Выйдя из себя, регент прибегает к последнему средству: умоляет свою дочь. Приподнявшись на подушках, агонизирующая женщина бросает ему:
«Вы трус и глупец, если сносите оскорбления этих собак, вместо того чтобы выкинуть их в окно, как они заслужили!»
Аббат Ланже решил не отступать. Он уселся перед закрытой дверью и просидел так четыре дня, ожидая, пока Мессалина умрет и душа ее достанется дьяволу. Но он проиграл.

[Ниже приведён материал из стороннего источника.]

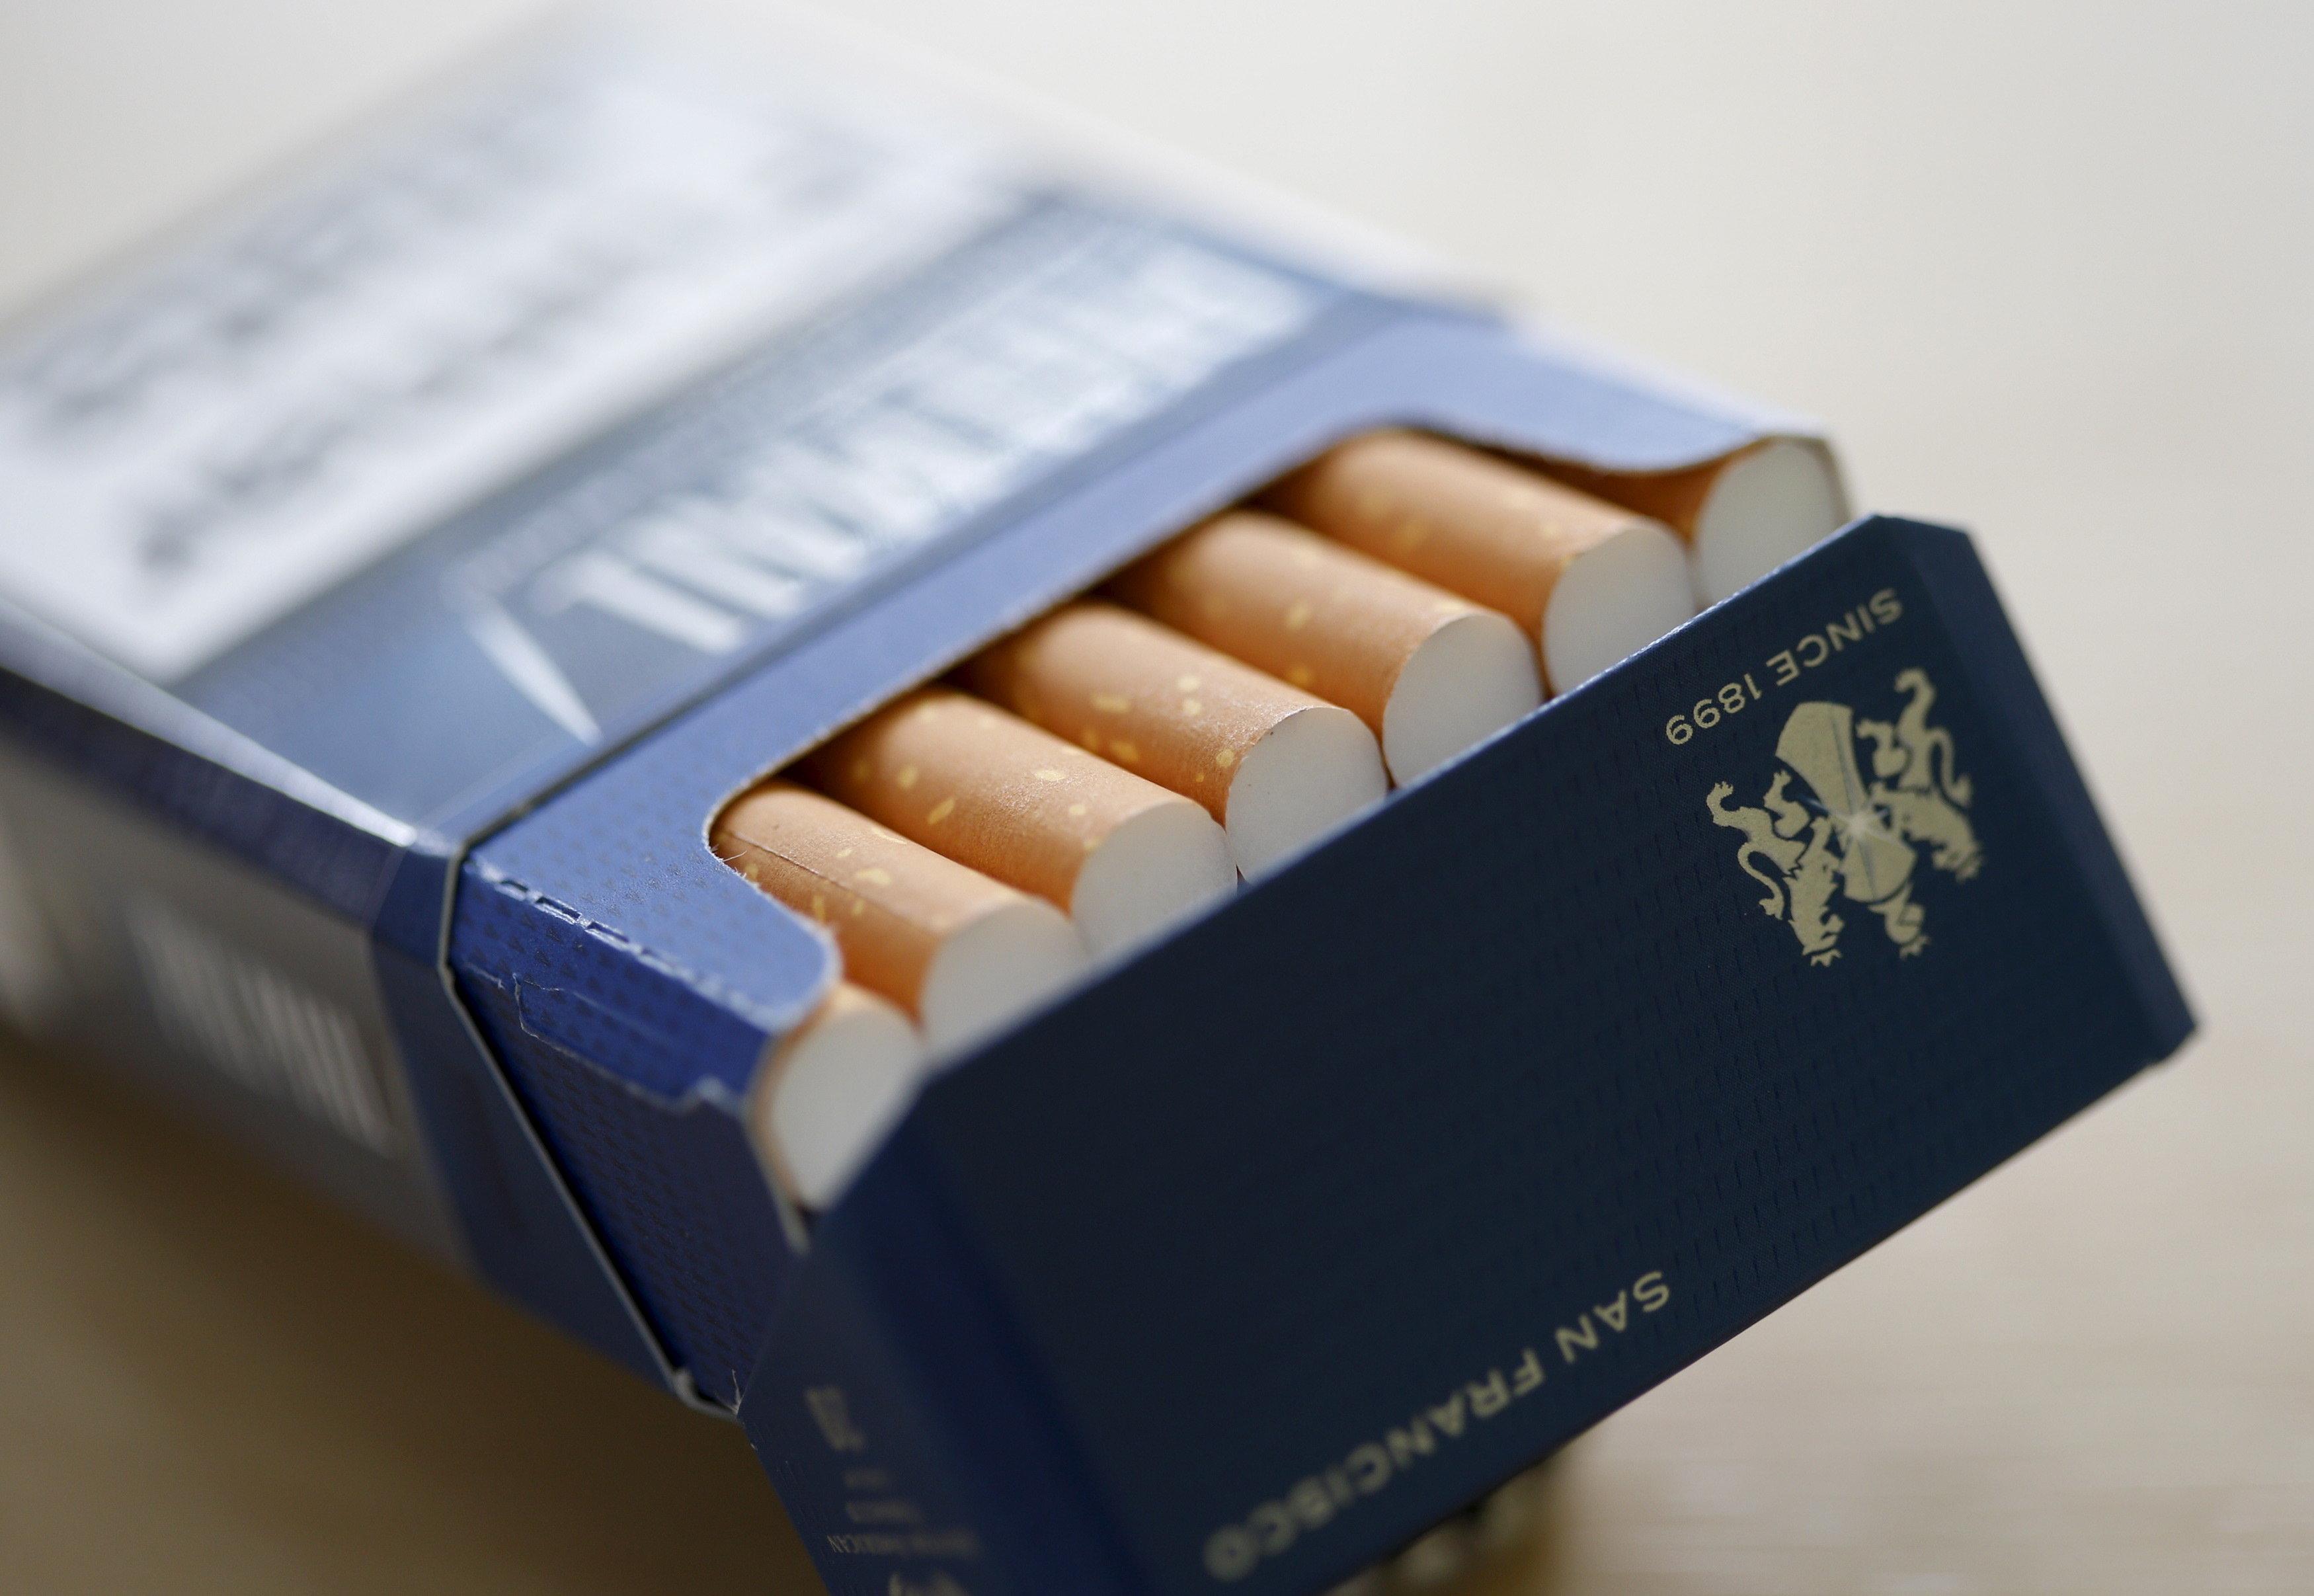 Price for tobacco in Boston

Принцесса 3 апреля разродилась от бремени девочкой, которая тут же умерла, а сама начала поправляться.
На сей раз унижение оказалось жестоким, и заговорщики выиграли битву, проигранную во время представления «Эдипа». И пока поправившаяся герцогиня де Бёрри с 9 апреля жила в уединении в Медоне, регент, запершись в Пале-Рояль, приходил в себя. Он винил себя за наивность, с которой полагал, будто милость и честность смогут выбить оружие из рук его врагов. Если кружившая рядом смерть застанет его врасплох, что станет с государством, с его близкими? Хаос, коррупция, скандалы… Какое пробуждение после столь благородных порывов!
Филипп собрал все свои силы: если костлявая еще немного подождет, он исправит положение. Через несколько месяцев окончательное поражение Испании даст Европе долгожданную передышку. А в самой Франции благодаря банковской системе появится шанс все изменить.
И герцог Орлеанский вызвал Лоу: забыв о своих ужинах и любовницах, они вместе разрабатывали формулу нового порядка.
Регент презирал всяческие иерархии и привилегии, за что Сен-Симон его нередко с горечью упрекал. Через десять дней после выздоровления своей дочери герцог Орлеанский учреждает бесплатное образование, открывает университет; библиотека была открыта им еще раньше. Но это был только первый шаг. По предложению Лоу отныне все граждане равны перед налогообложением — привилегии отменяются.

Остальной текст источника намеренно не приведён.